What is the most salient fact about remotes?
All remotes. The one for the TV, the one for the VCR, the one for the DVD player, the ones for the cable box, stereo system, back-up VCR, and whatever other gadget's hooked into your home entertainment center. What is it they all do?
Right.
They hide.
They hide between the cushions, they hide under furniture, they hide in other rooms after they've tricked some forgetful member of the family to carry them away from where they're useful to someplace where they have no function, like the bathroom or inside the refrigerator.
They make a point of never being where you last left them and where you need them to be at this instant. They have an evil habit of changing places so that whatever remote you put your hand on first is never the remote you need right then.
When they aren't hiding or disguising themselves or otherwise making themselves scarce, they fail.
They let their batteries die---and what's the most salient fact about batteries?
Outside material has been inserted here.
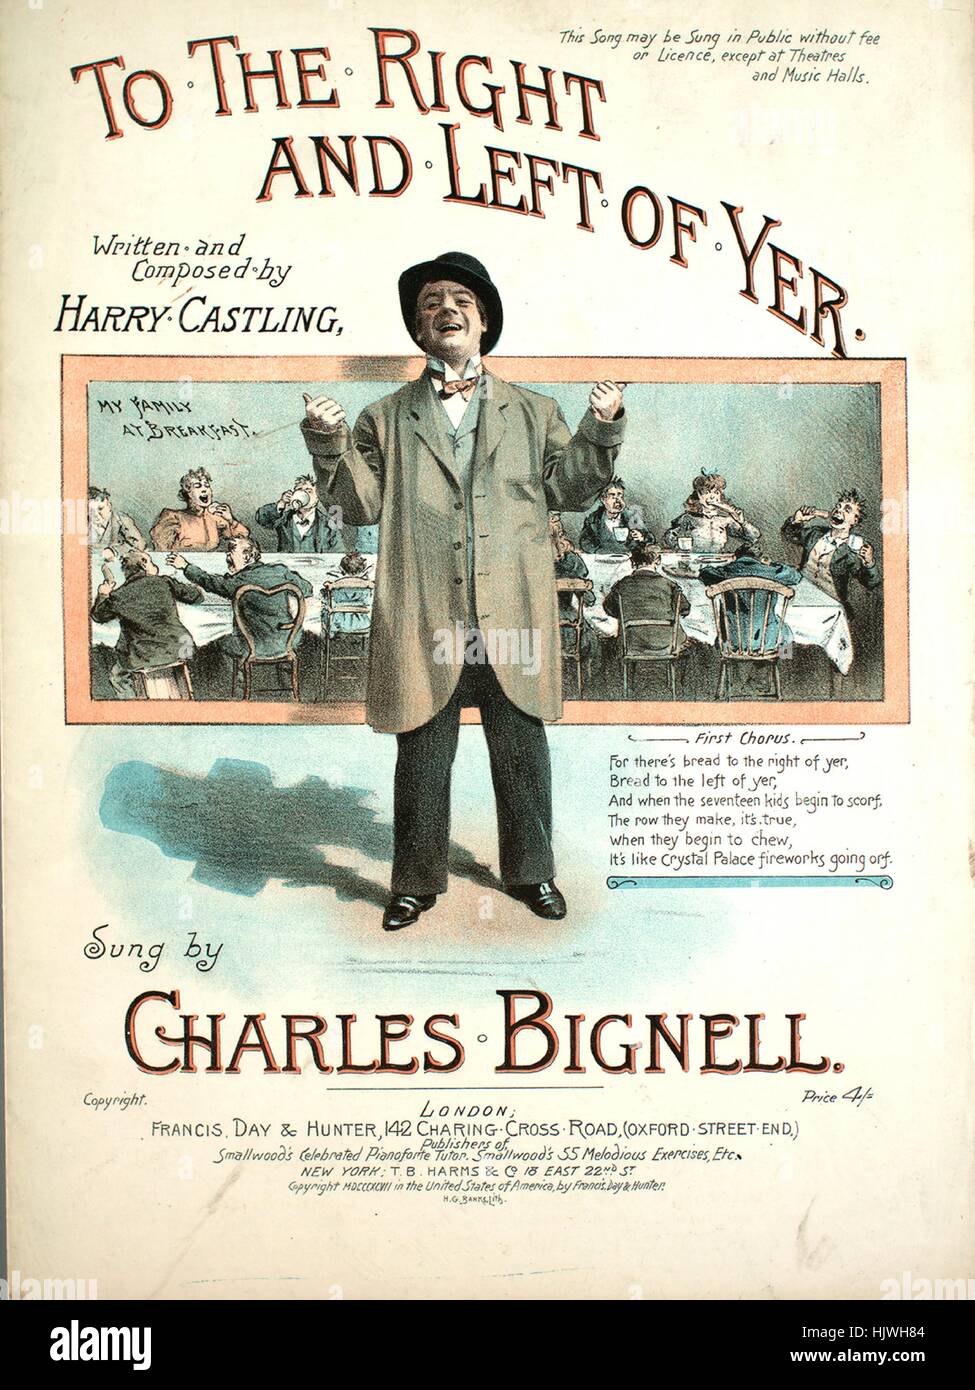 Sheet music cover image of the song 'To the Right and Left of Yer', with original authorship notes reading 'Written and Composed by Harry Castling', United Kingdom, 1897. The publisher is listed as 'Francis, Day and Hunter, 142 Charing Cross Road (Oxford Street End)', the form of composition is 'strophic with chorus', the instrumentation is 'piano and voice', the first line reads 'When a man has been married for seventeen years, And his wages are one pound one', and the illustration artist is listed as 'H.G. Banks, Lith.; Henderson and Spalding Printers, London W.'. Stock Photo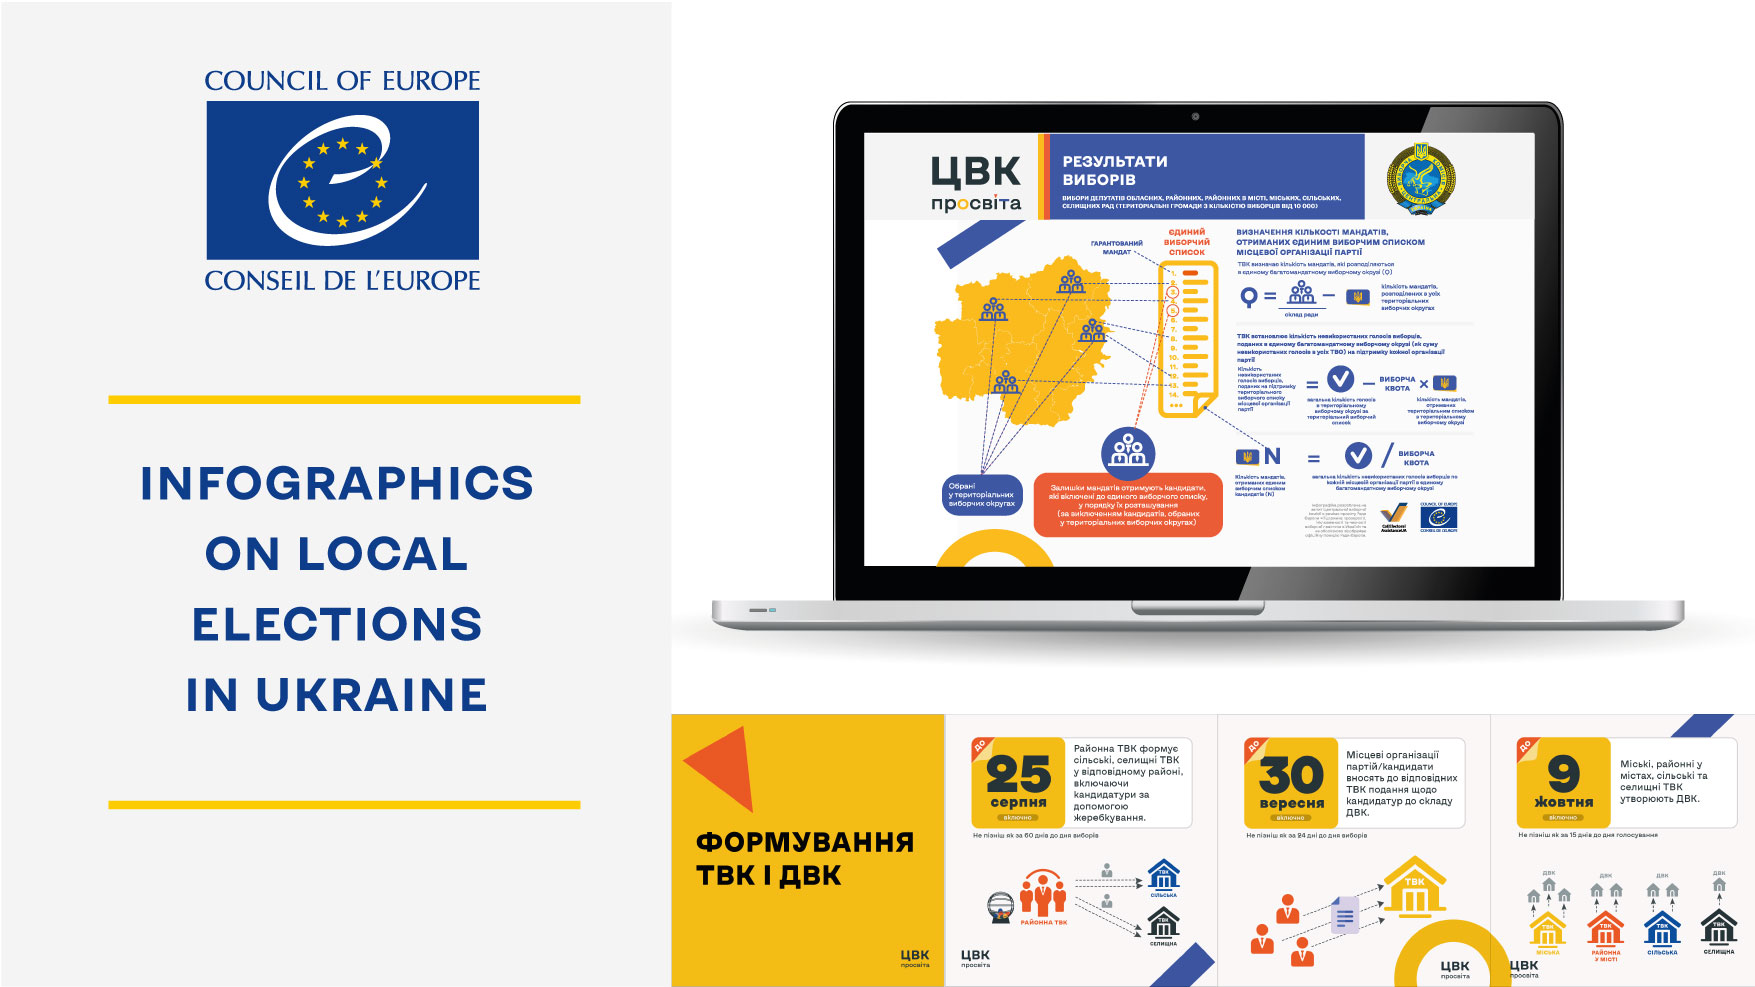 Series of infographics ‘CEC: Prosvita’ – local elections in Ukraine in simple terms

They are never on hand in the right size and number when you need to put new ones in something. Never. Doesn't matter if you were just at the hardware store, drug store, or supermarket yesterday and picked up a pack or three. You didn't pick up AA's or C's or D's or AAA's, and whichever it was you forgot to buy, that's what you need tonight.
Or they just die.
So, really, the salient fact about remotes is that at least half the time they are useless.
Many, many times, too many, you need to operate the TV, the VCR, the DVD, whatever, by actually leaving the couch, walking across the room, and putting a finger to the device.
Given this, doesn't it make sense then to design home electronics so that they can be operated by hand?
Isn't that something you would keep in mind when you are designing such devices?
Apparently not if you're working for the company that made our DVD player.
Our remote died.
Nope, wasn't the batteries. Amazingly---impossibly!---I had on hand a whole package of brand new AA's. Changing the batteries didn't fix it. Neither did the trick of taking the batteries out for 30 seconds and letting the remote clear its tiny little brain of whatever gobbledygook has caused it to forget how to operate the DVD player.
It's dead.
And our DVD player is not designed to be operated by hand.
Oh, there are some buttons on the front of the thing. You can turn it on and off by hand. You can start up a DVD and you can stop it. But you cannot get through a menu. There is no button that will move the cursor or whatever you call it on a DVD from option to option. All you can do is hit play, which should be fine, if all you want to do is watch a movie from beginning to end. But there is no getting back to the menu once you've started, except by shutting everything down.
There is one other button, labeled search, that does not search. What it does is randomly run through all the options on the DVD, pick one, and stick you with it all night long. The nine year old pressed that button by mistake and so we watched Star Trek II: The Wrath of Khan tonight with subtitles.
English subtitles.
There is a special place in hell for engineers who spend their lives designing things that cannot be used the way non-engineers use them. There are lots of those things. Hell will be crowded with engineers, including the morons who designed our DVD player.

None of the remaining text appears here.